**REQUIREMENT**
Each record below must be written out again in exactly the same form.

**AVAILABLE RECORDS**
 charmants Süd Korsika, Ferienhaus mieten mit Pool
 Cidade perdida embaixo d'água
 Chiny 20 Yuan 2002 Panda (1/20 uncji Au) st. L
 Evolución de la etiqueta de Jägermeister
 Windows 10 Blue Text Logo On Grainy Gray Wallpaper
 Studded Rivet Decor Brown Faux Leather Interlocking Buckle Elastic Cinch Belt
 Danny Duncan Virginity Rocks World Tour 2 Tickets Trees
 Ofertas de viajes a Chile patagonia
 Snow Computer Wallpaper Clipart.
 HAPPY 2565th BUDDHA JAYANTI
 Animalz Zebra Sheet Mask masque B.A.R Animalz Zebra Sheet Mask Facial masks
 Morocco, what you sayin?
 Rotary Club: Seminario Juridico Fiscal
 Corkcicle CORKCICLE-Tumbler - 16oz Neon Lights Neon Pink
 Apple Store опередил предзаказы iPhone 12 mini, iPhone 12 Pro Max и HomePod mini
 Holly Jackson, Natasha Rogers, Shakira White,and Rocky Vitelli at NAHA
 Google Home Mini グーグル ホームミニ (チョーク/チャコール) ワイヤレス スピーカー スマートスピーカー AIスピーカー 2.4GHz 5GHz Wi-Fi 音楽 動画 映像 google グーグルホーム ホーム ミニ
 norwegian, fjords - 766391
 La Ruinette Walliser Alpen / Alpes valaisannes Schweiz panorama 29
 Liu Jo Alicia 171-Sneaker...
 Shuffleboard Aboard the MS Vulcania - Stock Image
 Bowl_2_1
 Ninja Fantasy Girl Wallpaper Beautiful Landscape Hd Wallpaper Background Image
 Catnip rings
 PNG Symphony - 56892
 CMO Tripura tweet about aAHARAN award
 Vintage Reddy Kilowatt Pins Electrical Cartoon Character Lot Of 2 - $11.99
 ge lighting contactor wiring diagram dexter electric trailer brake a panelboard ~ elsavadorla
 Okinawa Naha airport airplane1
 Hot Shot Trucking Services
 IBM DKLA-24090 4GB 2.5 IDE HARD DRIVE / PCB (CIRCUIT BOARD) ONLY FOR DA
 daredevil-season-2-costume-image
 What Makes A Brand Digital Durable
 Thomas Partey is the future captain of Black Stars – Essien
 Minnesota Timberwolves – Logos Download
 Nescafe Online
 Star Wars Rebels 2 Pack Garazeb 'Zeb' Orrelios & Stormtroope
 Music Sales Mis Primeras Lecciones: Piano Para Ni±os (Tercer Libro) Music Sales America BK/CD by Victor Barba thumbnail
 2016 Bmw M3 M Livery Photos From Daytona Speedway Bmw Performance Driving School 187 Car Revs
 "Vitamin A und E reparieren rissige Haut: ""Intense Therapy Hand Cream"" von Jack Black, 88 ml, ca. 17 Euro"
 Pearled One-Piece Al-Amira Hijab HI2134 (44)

**RESULT BELOW**
 charmants Süd Korsika, Ferienhaus mieten mit Pool
 Cidade perdida embaixo d'água
 Chiny 20 Yuan 2002 Panda (1/20 uncji Au) st. L
 Evolución de la etiqueta de Jägermeister
 Windows 10 Blue Text Logo On Grainy Gray Wallpaper
 Studded Rivet Decor Brown Faux Leather Interlocking Buckle Elastic Cinch Belt
 Danny Duncan Virginity Rocks World Tour 2 Tickets Trees
 Ofertas de viajes a Chile patagonia
 Snow Computer Wallpaper Clipart.
 HAPPY 2565th BUDDHA JAYANTI
 Animalz Zebra Sheet Mask masque B.A.R Animalz Zebra Sheet Mask Facial masks
 Morocco, what you sayin?
 Rotary Club: Seminario Juridico Fiscal
 Corkcicle CORKCICLE-Tumbler - 16oz Neon Lights Neon Pink
 Apple Store опередил предзаказы iPhone 12 mini, iPhone 12 Pro Max и HomePod mini
 Holly Jackson, Natasha Rogers, Shakira White,and Rocky Vitelli at NAHA
 Google Home Mini グーグル ホームミニ (チョーク/チャコール) ワイヤレス スピーカー スマートスピーカー AIスピーカー 2.4GHz 5GHz Wi-Fi 音楽 動画 映像 google グーグルホーム ホーム ミニ
 norwegian, fjords - 766391
 La Ruinette Walliser Alpen / Alpes valaisannes Schweiz panorama 29
 Liu Jo Alicia 171-Sneaker...
 Shuffleboard Aboard the MS Vulcania - Stock Image
 Bowl_2_1
 Ninja Fantasy Girl Wallpaper Beautiful Landscape Hd Wallpaper Background Image
 Catnip rings
 PNG Symphony - 56892
 CMO Tripura tweet about aAHARAN award
 Vintage Reddy Kilowatt Pins Electrical Cartoon Character Lot Of 2 - $11.99
 ge lighting contactor wiring diagram dexter electric trailer brake a panelboard ~ elsavadorla
 Okinawa Naha airport airplane1
 Hot Shot Trucking Services
 IBM DKLA-24090 4GB 2.5 IDE HARD DRIVE / PCB (CIRCUIT BOARD) ONLY FOR DA
 daredevil-season-2-costume-image
 What Makes A Brand Digital Durable
 Thomas Partey is the future captain of Black Stars – Essien
 Minnesota Timberwolves – Logos Download
 Nescafe Online
 Star Wars Rebels 2 Pack Garazeb 'Zeb' Orrelios & Stormtroope
 Music Sales Mis Primeras Lecciones: Piano Para Ni±os (Tercer Libro) Music Sales America BK/CD by Victor Barba thumbnail
 2016 Bmw M3 M Livery Photos From Daytona Speedway Bmw Performance Driving School 187 Car Revs
 "Vitamin A und E reparieren rissige Haut: ""Intense Therapy Hand Cream"" von Jack Black, 88 ml, ca. 17 Euro"
 Pearled One-Piece Al-Amira Hijab HI2134 (44)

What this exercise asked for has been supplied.